I’ve seen some users add a license to the end of each of their comments. One idea might be this: Add a feature to Lemmy where each user can choose a content license that applies to everything they post. For example, one user might choose to no rights for their content (like CC0) because they don’t care how their data is used. Another user might not want companies profiting off their posts, so they’d choose a more restrictive license.

I don't think licensing your content prevents it from being used in AI models, considering that services such as Copilot were trained on data such as GPL licensed source code without having to comply with the terms it imposes when modifying or copying GPL licensed code (but it's not just resticted to restrictive licenses such as the GPL, since according to licenses such as the MIT they would also have to credit the authors of the original work). It seems that, for now, copyright law doesn't apply to data generated by AI models and that they don't need to comply with the terms of the licenses of the training data (or at least they don't seem to have been penalized for violating copyright law yet AFAIK).

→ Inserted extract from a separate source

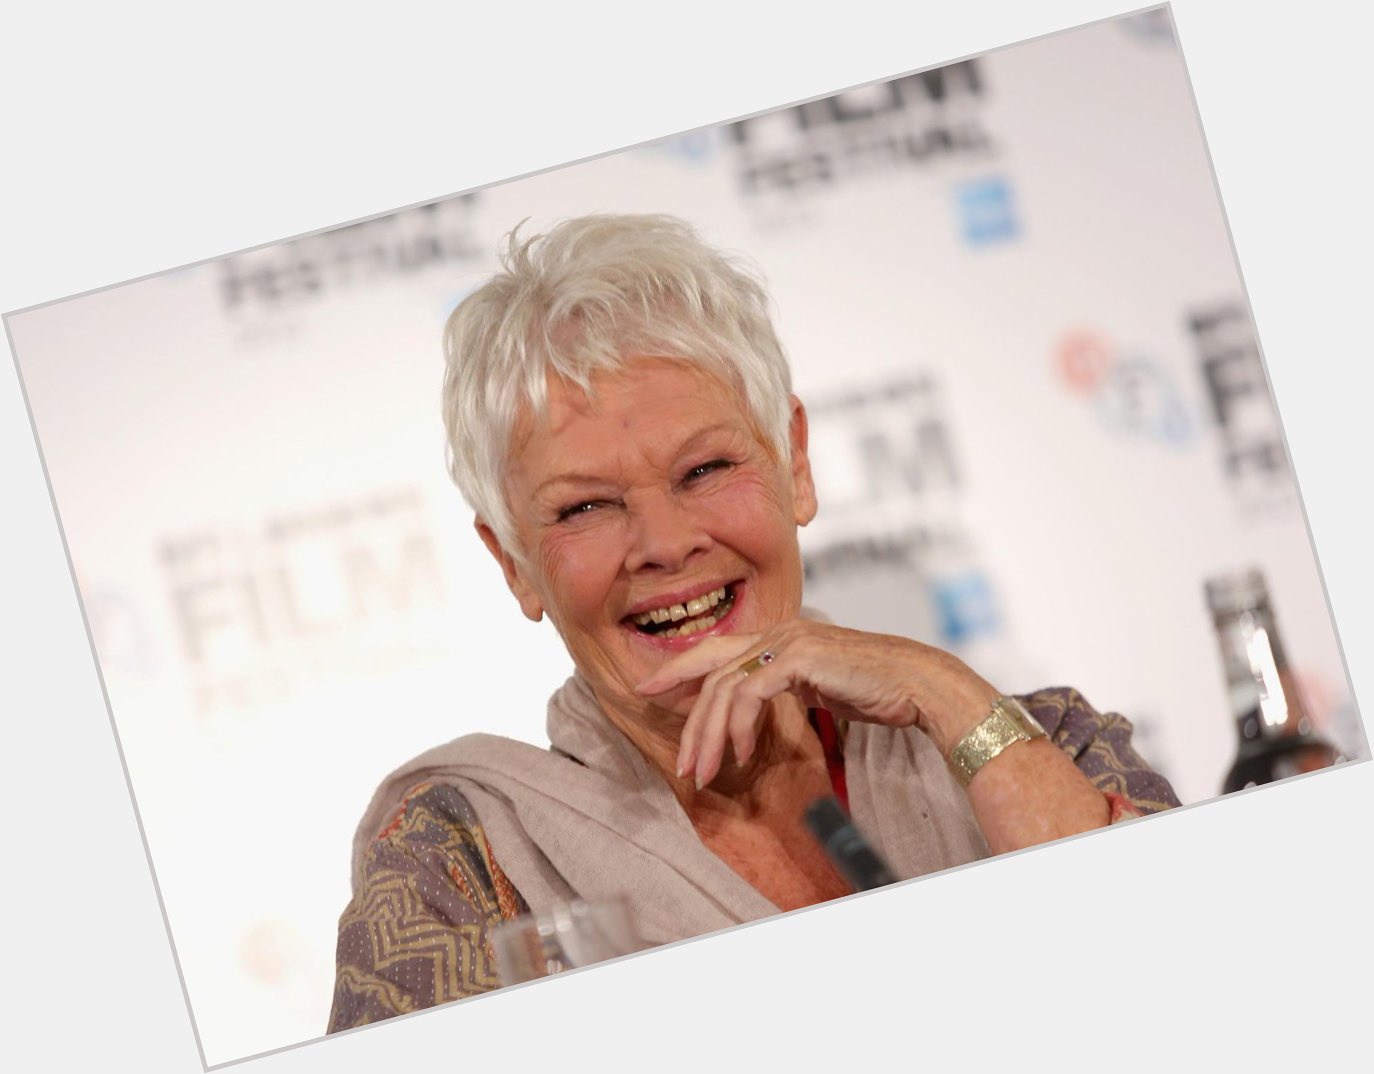 Happy birthday to Dame Judi Dench, who turns 80 years old today!

And even if it wasn't licensed, companies can't use your works without your permission (unless it constitutes fair use). When you license a work, you are simply giving permission to other people to do things with your work they would otherwise not be allowed to do.

[–] [email protected] 2 points 1 year ago

My personal idea of freedom would be to at least make it illegal for google, openai and other giant profit oriented corpos to use my stuff (they probably would still do it but I want them to have to break the law doing it).

I mean, if you use a license in your posts that dictates profit sharing, prevents use without credit and use in proprietary formats, you might still sue. The interesting thing is that some lemming as done this under all their posts already. Is no big deal to have a client like voyager put a signature under your posts and comments indicating the proper license.

The more interesting question for me is, would google then exclude our information and would we hinder our growth unmecessarily and how would we still be findable but not end up in some proprietary LLM?

[–] [email protected] 1 points 1 year ago

Having a different license for each user would cause too much complexity and fragmentation. It makes more sense to have a license per instance. This can already be configured and gets displayed under /legal. Then based on the legal info users can decide where to signup, and admins can decide which instances to federate with.